So this is a follow up to my previous question. Thanks to @mdml. My previous question about How to align and compare two elements (sequence) in a list using python have been solved. Here is the code that I'm using (Code credit to mdml):
# Parse the file which was already split into split_list
lines = open("seq.txt")
for list in lines:
split_list = list.split()
header = "".join(split_list[0:2])
seq = split_list[2]
disorder = split_list[4]
# Create the new disorder string
new_disorder = ["Disorder: Posi R"]
for i, x in enumerate(disorder):
if x == "X":
# Appends of the form: "AminoAcid Position"
new_disorder.append("{} {}".format(i, seq[i]))

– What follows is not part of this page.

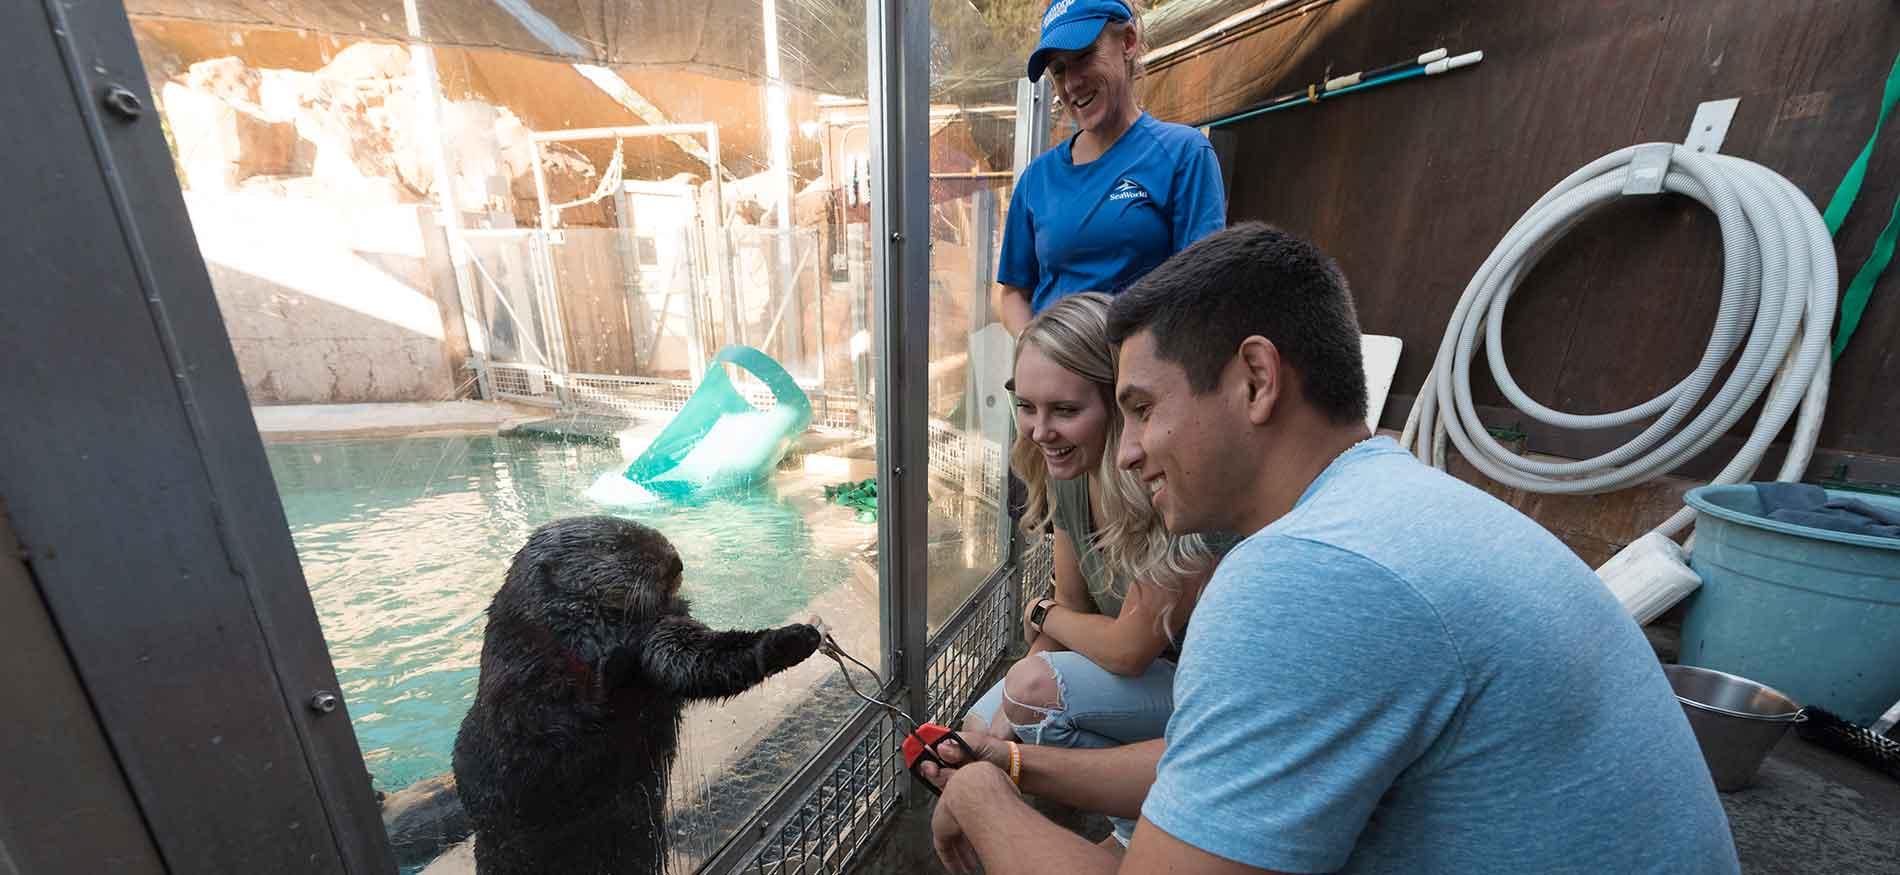 Sea Otter Encounter at SeaWorld San Diego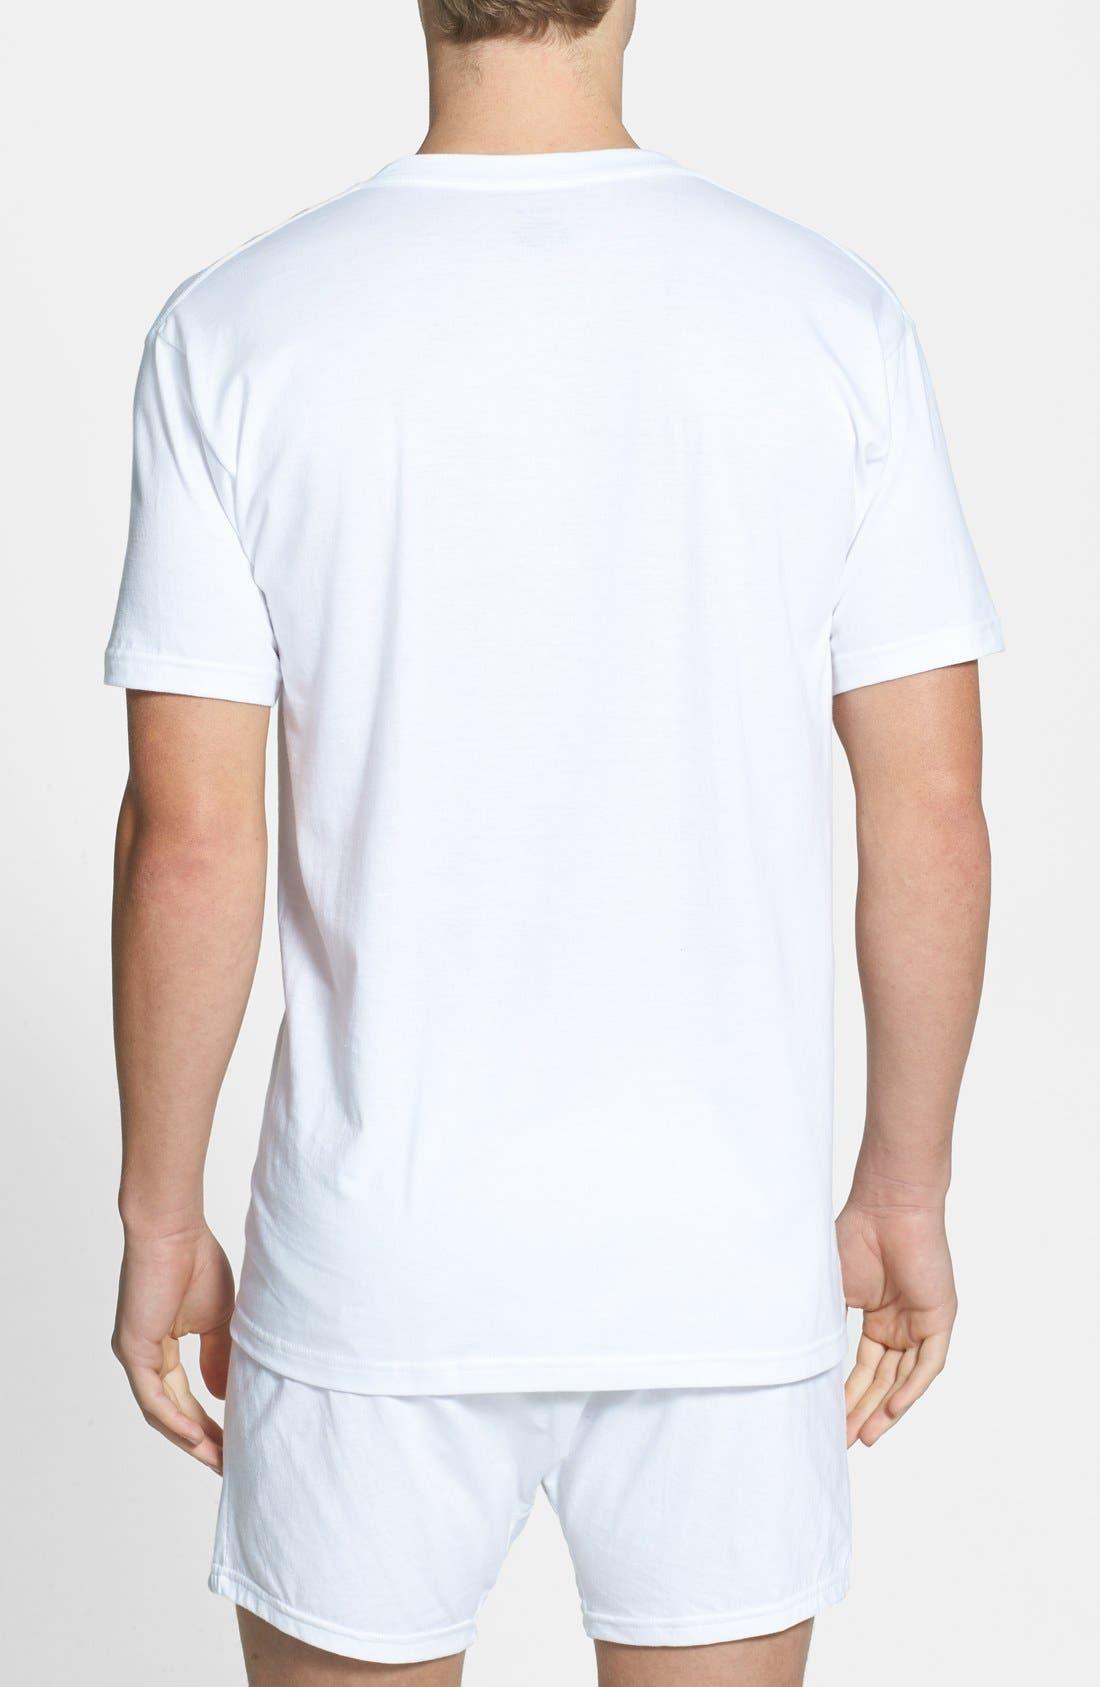 NORDSTROM MEN'S SHOP, 4-Pack Regular Fit Supima<sup>®</sup> Cotton V-Neck T-Shirts, Alternate thumbnail 7, color, WHITE

new_disorder = " ".join(new_disorder)
# Output the modified file
open("seq2.txt", "w").write( "\n".join([header, seq, new_disorder]))
This code work perfectly with my example which is:
103L Sequence: MNIFEMLRIDEGLRLKIYKDTEGYYTIGIGHLLTKSPSLNSLDAAKSELDKAIGRNTNGVITKDEAEKLFNQDVDAAVRGILRNAKLKPVYDSLDAVRRAALINMVFQMGETGVAGFTNSLRMLQQKRWDEAAVNLAKSRWYNQTPNRAKRVITTFRTGTWDAYKNL Disorder: ----------------------------------XXXXXX-----------------------------------------------------------------------------------------------------------------------------XX
However when I use this code for multiple protein sequence. It still work, but only last protein sequence and it's disordered region showed up in the new file. What should I do to fix it?